Alternative and flexible approaches to delivering health care in COVID times

#CriticalThinking

Sustainable Livelihoods

Picture of Erin Webb
Erin Webb

Research Fellow at the Department of Health Care Management, Technical University of Berlin and the European Observatory on Health Systems and Policies, Berlin, Germany

Picture of Cristina Hernández-Quevedo
Cristina Hernández-Quevedo

Research Fellow at the European Observatory on Health Systems and Policies, LSE Health, United Kingdom

The COVID-19 pandemic has brought unprecedented strain on European health systems. Providers have had to simultaneously treat patients with a novel infection, limit the transmission of the virus to other patients, and maintain essential services. Given the wide variation in the organisation and delivery of health care services across Europe, their response to the pandemic has varied.

Since March 2020, the COVID-19 Health System Response Monitor – a joint initiative of the European Observatory on Health Systems and Policies, the WHO Regional Office for Europe, and the European Commission – has documented country responses to COVID-19. Based on the information collected from over 50 countries, it is possible to identify three key alternative and flexible approaches to delivering health care:  increasing the use of digitally-provided services, implementing new processes to separate patients with COVID-19 to prevent transmission, and utilising private sector capacity.

Remote consultations, especially in primary care, have risen in several countries

First, it is important to note the near-universal trend during this pandemic relating to the increased use of digital services. This had led to a growth in remote consultations and virtual care. Many countries have introduced special COVID-19 telephone hotlines, in addition to pre-existing emergency numbers, that serve as the first point of contact for a patient seeking care. These do not necessarily offer medical advice, but provide guidance for patients on how to navigate the health system and access care, and help healthcare providers identify which patients to see in-person for treatment.

Before the COVID-19 pandemic, some countries required a doctor’s visit for sick leave certificates or prescription refills. Now, certain health systems have transitioned these to online or text message services. Remote consultations, especially in primary care, have risen in several countries. When conducted over video, doctors can share test results, images, or other files with patients to support diagnosis and treatment.

Second, health systems have also adopted several approaches to maintain physical distance between patients with (suspected) COVID-19 and non-COVID-19 patients. In addition to the remote treatments described above, several countries have begun to offer certain services, such as maternal consultations and routine vaccinations, only on specific days or times to limit transmission. Many healthcare facilities, including hospitals and outpatient providers, have, as much as possible, created separate spaces for COVID-19 patients, or limited the number of contacts that could occur between patients by setting a maximum number of people in waiting areas, removing objects from common spaces and more.

There is more and more pressure on strengthening primary and community care to face future waves

And finally, European health systems have varying levels of private sector involvement. However, some countries with private sector capacity have used this to supplement public sector provision, including for surge capacity or for maintaining essential services. Some countries have also mobilised volunteers or non-profits such as the Red Cross to provide services, especially to vulnerable groups at home, whilst others have called on the armed forces or police to provide supplemental support, for example, to collect test samples.

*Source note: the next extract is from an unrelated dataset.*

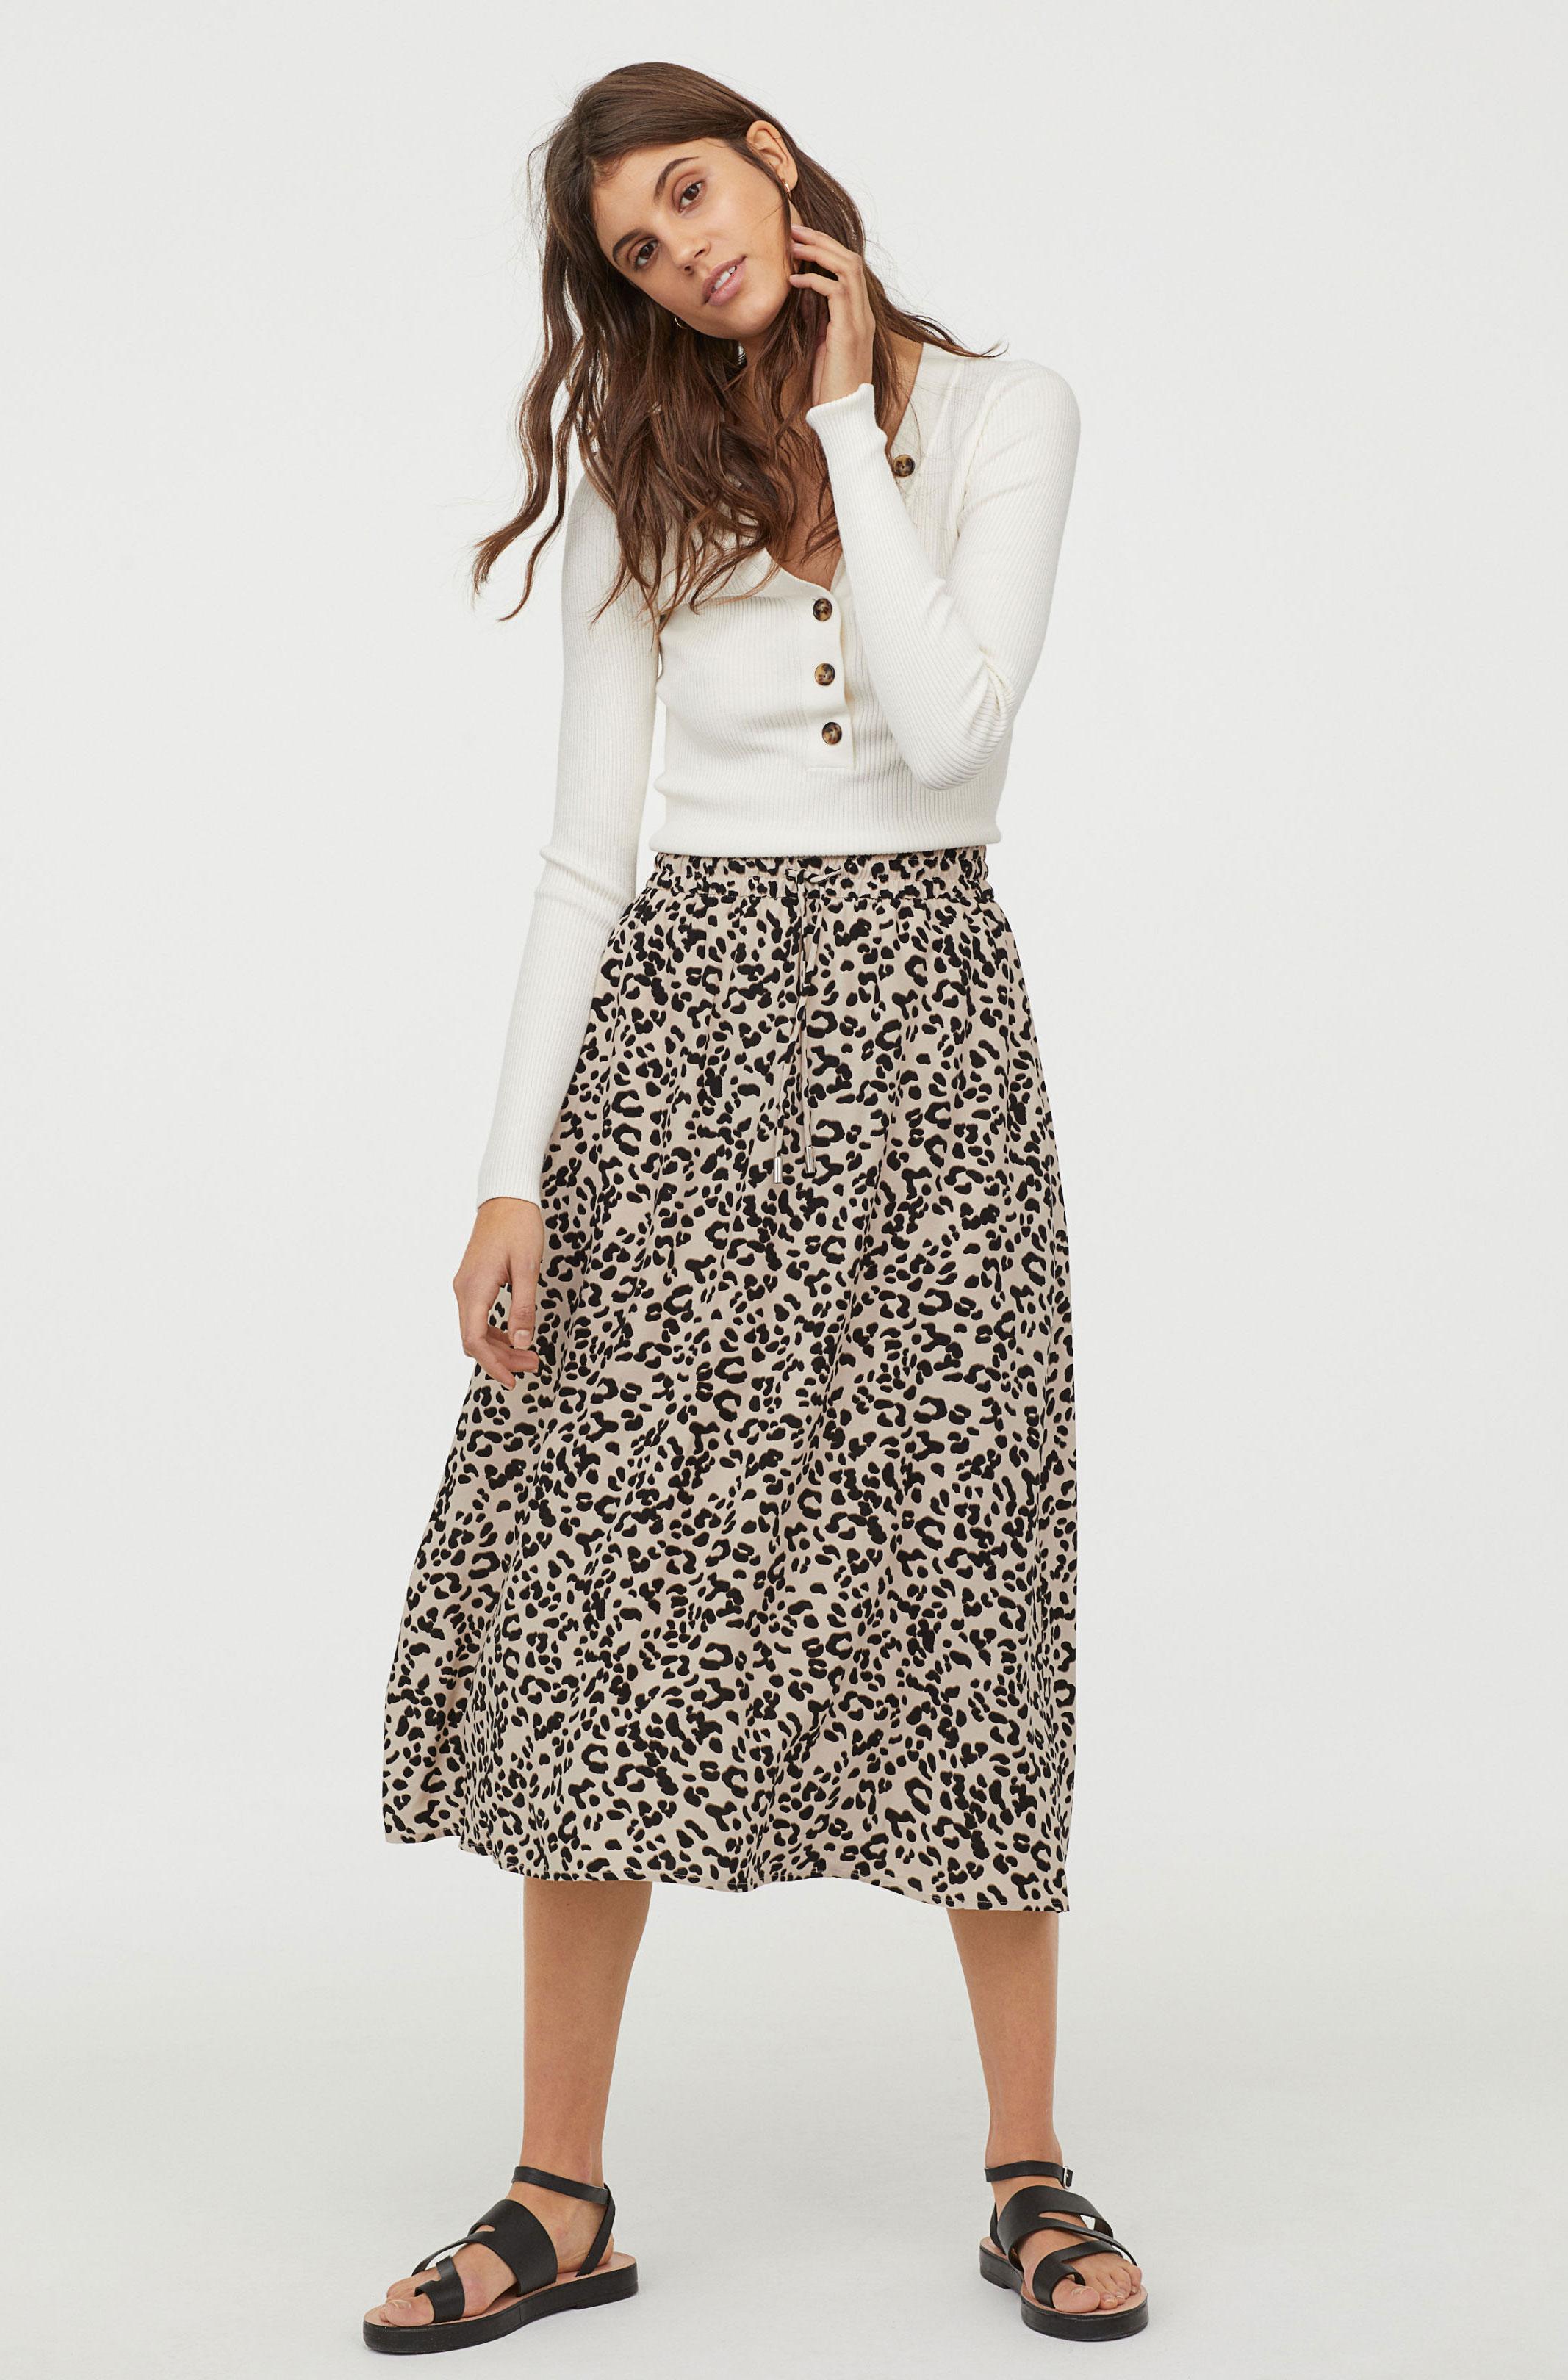 H&M Print Skirt     $29.99

The three approaches described above in no way represent a comprehensive summary of the wide variety of changes to European health systems during the COVID-19 pandemic, but they provide some insight on how these systems are pivoting to more flexible ways of providing care. And, although it is too early to tell whether these strategies will continue after COVID-19, and how the health outcomes and patient experiences have changed due to the adaptions taken during the pandemic, there is more and more pressure on strengthening primary and community care to face future waves of this crisis. This is especially relevant if ambulatory settings oversee administering a future vaccine for COVID-19. In any case, the overall health system impact of COVID-19 will require further study and analysis in the years to come.